It’s no secret that bone health becomes even more important as we age.
Our bones naturally become more brittle and prone to breakage as the years go by and properly managing bone strength and durability through diet and exercise is an important part of keeping them stronger for longer and warding off diseases such as osteoporosis.
More than 1 million Aussies are living with osteoporosis and many more aren’t doing enough to protect themselves from the disease. Osteoporosis occurres when bones lose minerals such as calcium more quickly than the body can replace them, causing a loss of bone density.
Osteoporosis Australia says diet and exercise are two of the most effective ways to prevent the disease.
Calcium and vitamin D found naturally in foods dairy foods and eggs are key ingredients for preserving bone strength, while vitamin K2, found in meat, eggs and dairy foods, especially fermented products such as cheese and yoghurt, has been shown to slow down the rate of bone weakening after menopause and boost the effectiveness of osteoporosis medications.
Nutrition and exercise scientist Kathleen Alleaume says doing the right exercises, rather than the most sweat-inducing, are an important prevention method.
“There is a lot of information available about the importance of protecting your skeleton, but there is still clearly a need to do more to ensure people understand how they can safeguard their bones now, and into the future,” she said.
“While many are aware that calcium and vitamin D are key ingredients for building and preserving strong bones, vitamin K2^ also plays an important role in regulating calcium uptake from the arteries to the bones and is therefore essential for optimal bone and heart health support2.
“Coupled with this, it is crucial to incorporate regular movement into your day and focus on exercises that help to maintain strong bones.”

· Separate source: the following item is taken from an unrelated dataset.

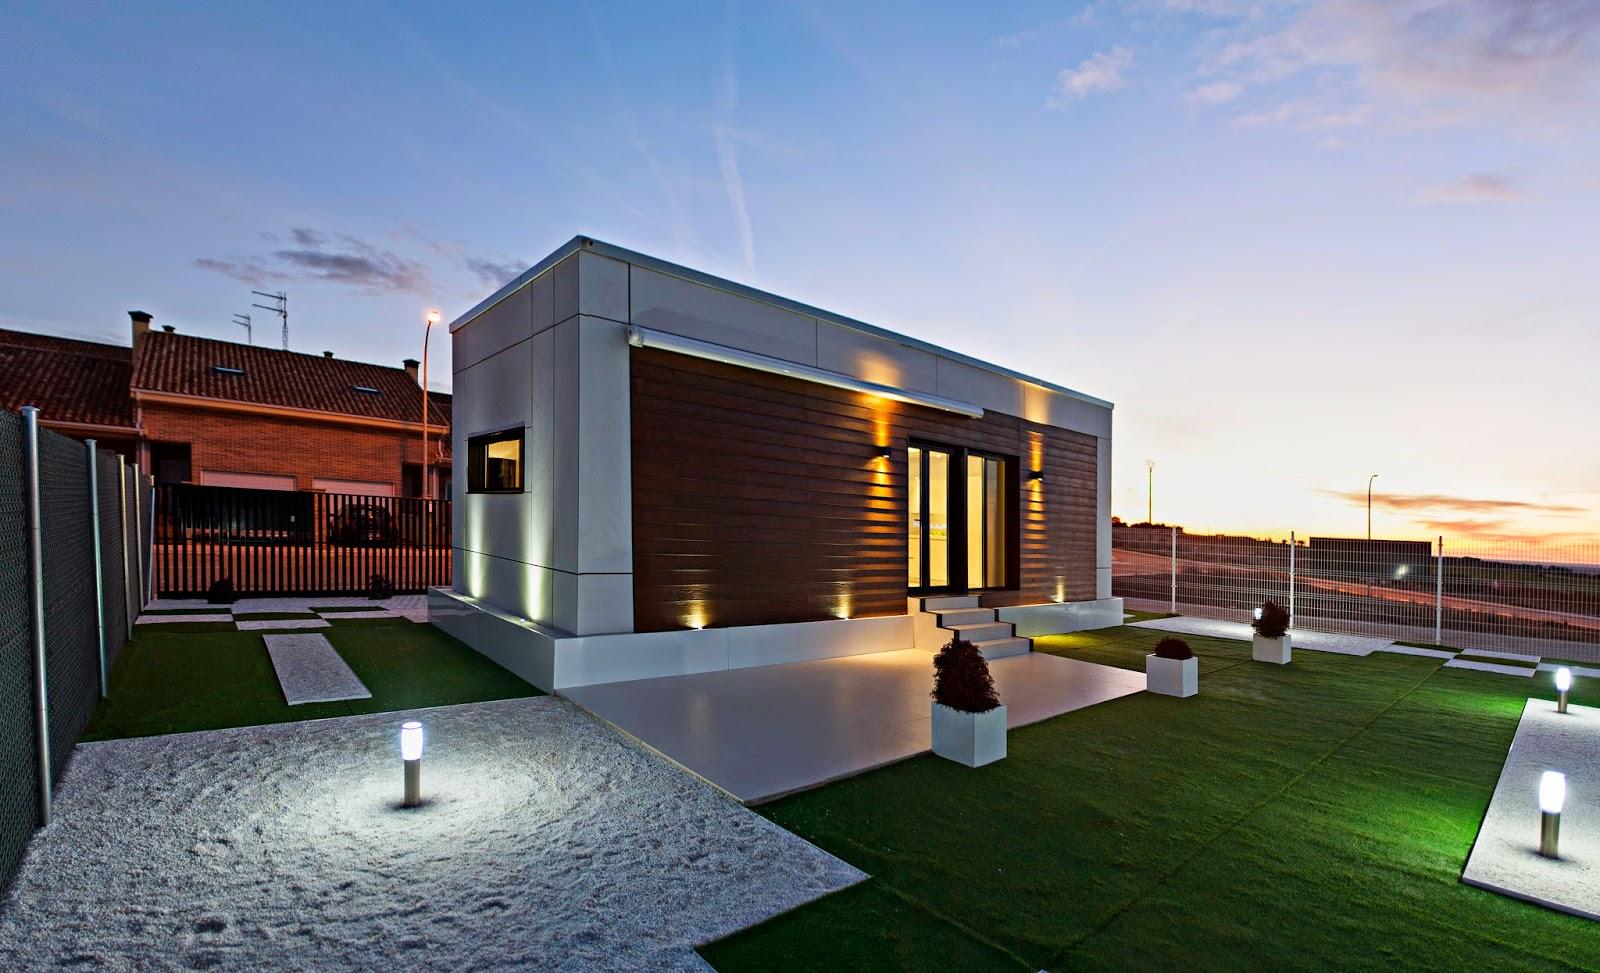 Seis prejuicios comunes contra las casas modulares for Casa moderna tipo loft

She’s shared her five top exercises for over-60s to improve bone health.
As the name suggests, weight bearing exercises are a group of activities that are performed while on your feet, meaning you bear your own body weight. Because of the weight-bearing force involved with these actions, it is arguably the best form of exercise for helping to preserve bone density and build bone strength. Jump rope, jogging on the spot and aerobic dance are all great examples of weight bearing exercises.
Technically referred to as calisthenics, body weight exercises are a simple, cheap and effective way to increase body strength and improve balance and flexibility. They don’t require machinery or extra equipment and involve movements such as pulling or pushing yourself up using only body weight for resistance. Examples include push-ups, chair dips, lunges, wall sits or stair climbing.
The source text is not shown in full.